Why it matters: Windows 10 contains a host of new features, security updates, and a platform-unifying design aimed at both enterprise users and consumers. It also marks the beginning of Microsoft’s “Windows-as-a-service” strategy.
Who does this affect: Windows 10 is available as a free upgrade to qualified devices running Windows 7 (SP1) or Windows 8/8.1. Windows XP and Windows Vista users will need to purchase Windows 10.
How to get Windows 10: Most Windows 7 (SP1) and Windows 8/8.1 users can get Windows 10 through the Get Windows 10 app. Users can also download a Windows 10 ISO to be used on multiple PCs.

• What it is? Developed under the codename “Threshold”, Microsoft’s goal with Windows 10 is to provide a common operating system that can run across multiple platforms—including PCs, tablets, smartphones, embedded systems, and even Xbox One, Surface Hub and HoloLens at some point in the future.
Each platform will have a device-specific user interface (UI), and will share the same Windows 10 core.

Windows 10 includes several new features and important changes, in addition to its platform unifying design. Many new features are designed to improve the desktop experience and draw in business users who were turned off by Windows 8’s tile-based UI and the initial removal of the Start menu.
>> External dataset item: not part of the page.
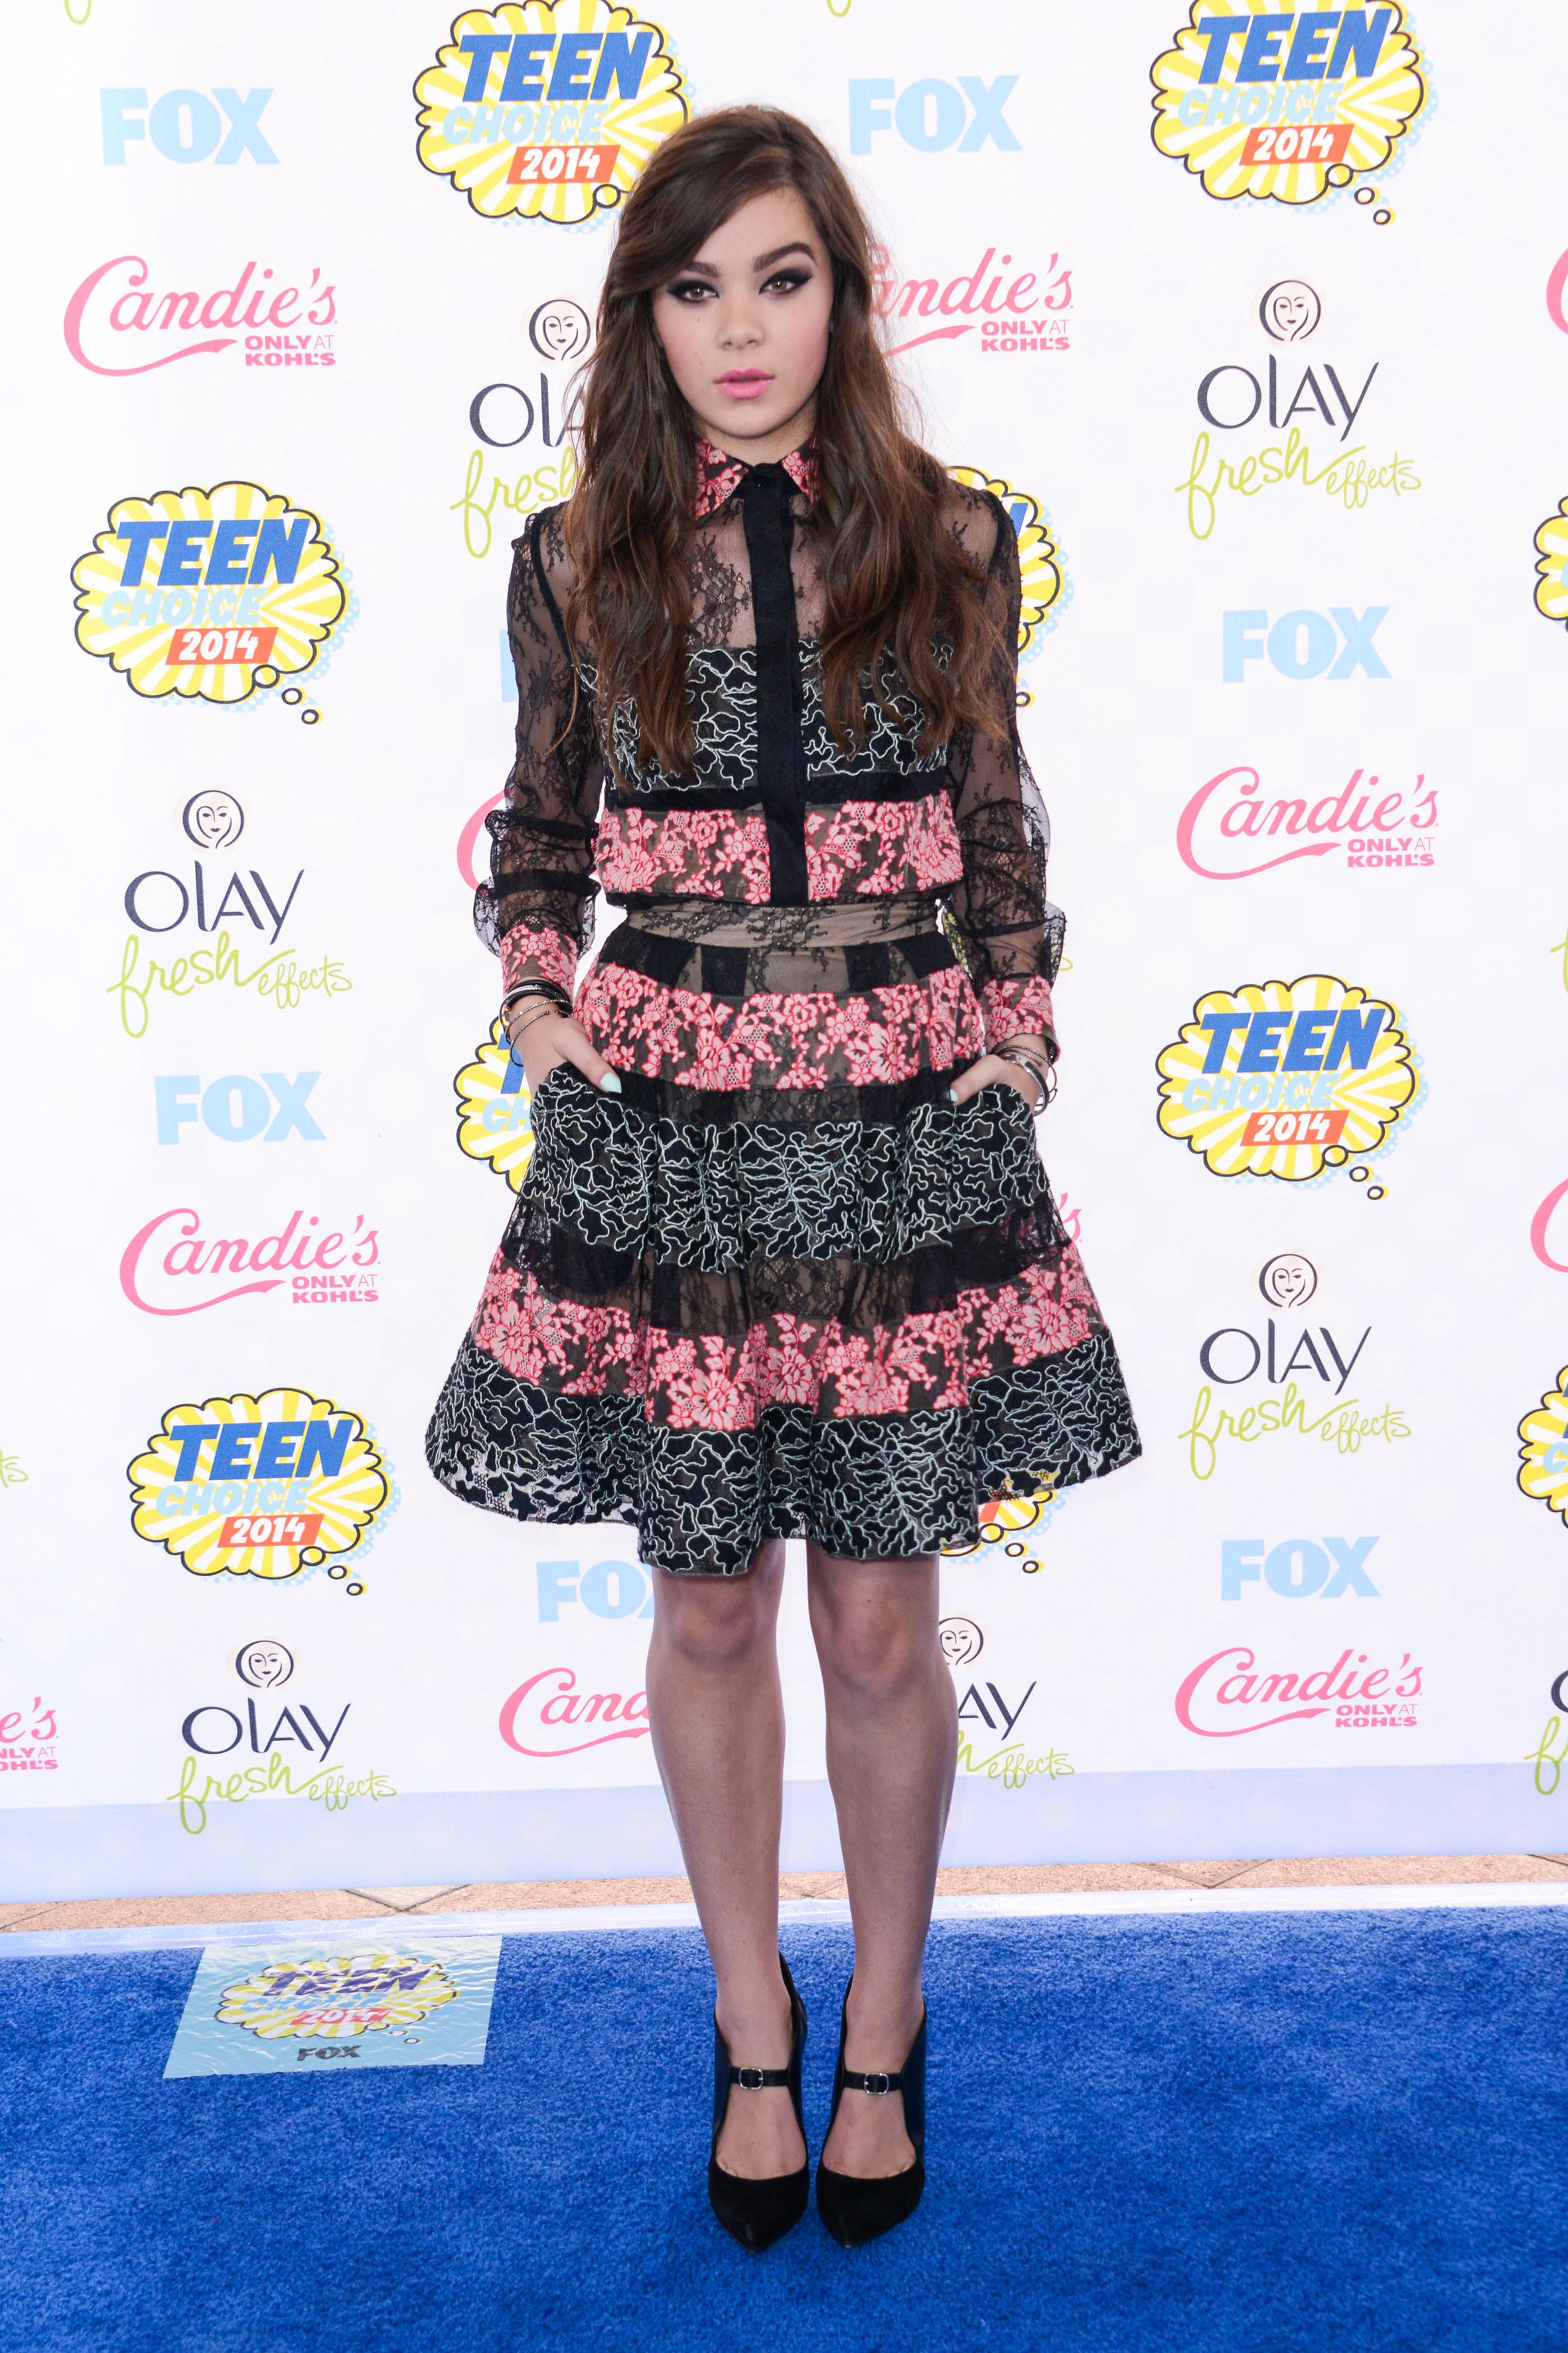 Stars attend the Teen Choice Awards **USA, Australia, New Zealand ONLY**

New features include:
Start menu: Windows 10’s new Start menu combines the Windows 7-like application list and the live tiles interface from Windows 8’s Start screen. Windows-8 style “modern” apps (now called “universal apps”) can run within a window on the desktop, like standard desktop programs.
Action Center: The Charms menu is replaced with the Action Center, a sidebar that provides notifications and contains buttons for common tasks.
Tablet mode: A new tablet mode is designed to make Windows 10 easier to operate without a keyboard or mouse.
Improved security: new security features for Windows 10, include Windows Hello—an integrated biometric authentication system.
•Microsoft Edge: Formerly codenamed Project Spartan, Edge is the default web browser in Windows 10. Internet Explorer 11 isalso be included with the OS, but is basically unchanged from the version of IE11 found in Windows 7 and 8.1.
Cortana integration: Cortana, Microsoft’s voice-powered personal assistant, makes its desktop debut in Windows 10 and can be configured to take over the Search box.
•Xbox Live integration: Although not critical for many business users, Xbox live is built into Windows 10. Users can stream games from an Xbox One to a desktop, laptop, or tablet over Wi-Fi, play multiplayer games with people on different platforms, and more.
Enhanced graphics: Windows 10 includes new versions of DirectX and WDDM to improve game performance.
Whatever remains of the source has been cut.